> _Data under study_:
* * * *
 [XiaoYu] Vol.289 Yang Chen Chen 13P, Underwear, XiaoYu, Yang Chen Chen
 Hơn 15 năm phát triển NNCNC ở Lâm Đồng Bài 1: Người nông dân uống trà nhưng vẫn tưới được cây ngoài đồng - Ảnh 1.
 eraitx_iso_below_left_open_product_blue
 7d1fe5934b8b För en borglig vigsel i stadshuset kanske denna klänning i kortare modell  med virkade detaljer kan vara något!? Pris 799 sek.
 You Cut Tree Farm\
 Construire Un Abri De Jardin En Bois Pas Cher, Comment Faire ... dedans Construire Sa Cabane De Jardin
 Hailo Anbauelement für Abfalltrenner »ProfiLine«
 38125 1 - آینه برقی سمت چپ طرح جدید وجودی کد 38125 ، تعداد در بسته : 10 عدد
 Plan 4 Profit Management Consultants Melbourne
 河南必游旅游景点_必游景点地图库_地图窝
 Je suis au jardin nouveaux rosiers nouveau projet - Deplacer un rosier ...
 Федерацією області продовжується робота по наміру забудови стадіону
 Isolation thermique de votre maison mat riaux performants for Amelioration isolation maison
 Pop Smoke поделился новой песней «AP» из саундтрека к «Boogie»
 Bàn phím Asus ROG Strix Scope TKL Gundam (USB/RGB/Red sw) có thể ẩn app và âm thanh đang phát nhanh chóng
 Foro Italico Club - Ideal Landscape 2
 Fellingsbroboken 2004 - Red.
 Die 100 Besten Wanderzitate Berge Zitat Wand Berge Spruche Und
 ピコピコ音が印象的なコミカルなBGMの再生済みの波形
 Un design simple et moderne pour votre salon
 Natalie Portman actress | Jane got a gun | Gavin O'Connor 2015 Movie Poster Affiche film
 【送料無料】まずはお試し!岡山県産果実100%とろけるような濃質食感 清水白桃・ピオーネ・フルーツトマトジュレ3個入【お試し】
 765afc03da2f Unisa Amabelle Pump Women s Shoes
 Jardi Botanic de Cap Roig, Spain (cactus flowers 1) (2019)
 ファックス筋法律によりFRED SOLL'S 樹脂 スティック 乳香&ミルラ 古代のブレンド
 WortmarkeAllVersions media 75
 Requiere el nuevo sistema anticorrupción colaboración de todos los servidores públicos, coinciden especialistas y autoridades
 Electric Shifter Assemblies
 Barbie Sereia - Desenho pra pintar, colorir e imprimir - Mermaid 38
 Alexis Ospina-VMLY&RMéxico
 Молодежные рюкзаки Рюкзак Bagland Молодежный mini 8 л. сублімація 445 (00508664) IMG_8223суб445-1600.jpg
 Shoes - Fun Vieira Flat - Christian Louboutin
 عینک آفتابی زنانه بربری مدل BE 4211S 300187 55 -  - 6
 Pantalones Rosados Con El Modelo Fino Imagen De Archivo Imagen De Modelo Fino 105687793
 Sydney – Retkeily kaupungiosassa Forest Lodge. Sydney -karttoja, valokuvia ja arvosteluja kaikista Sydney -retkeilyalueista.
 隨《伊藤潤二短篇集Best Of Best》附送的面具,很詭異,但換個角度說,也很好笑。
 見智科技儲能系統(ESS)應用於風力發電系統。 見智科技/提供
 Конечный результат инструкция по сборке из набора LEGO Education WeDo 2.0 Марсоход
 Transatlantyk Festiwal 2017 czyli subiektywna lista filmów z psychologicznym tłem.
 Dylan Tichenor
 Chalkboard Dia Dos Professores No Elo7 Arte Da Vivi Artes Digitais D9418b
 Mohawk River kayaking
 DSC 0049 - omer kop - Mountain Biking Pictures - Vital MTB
* * * *
Over all the entries, say how many lines hold the string "votre". The reply is the number alone.

> _Solution for this problem_: 2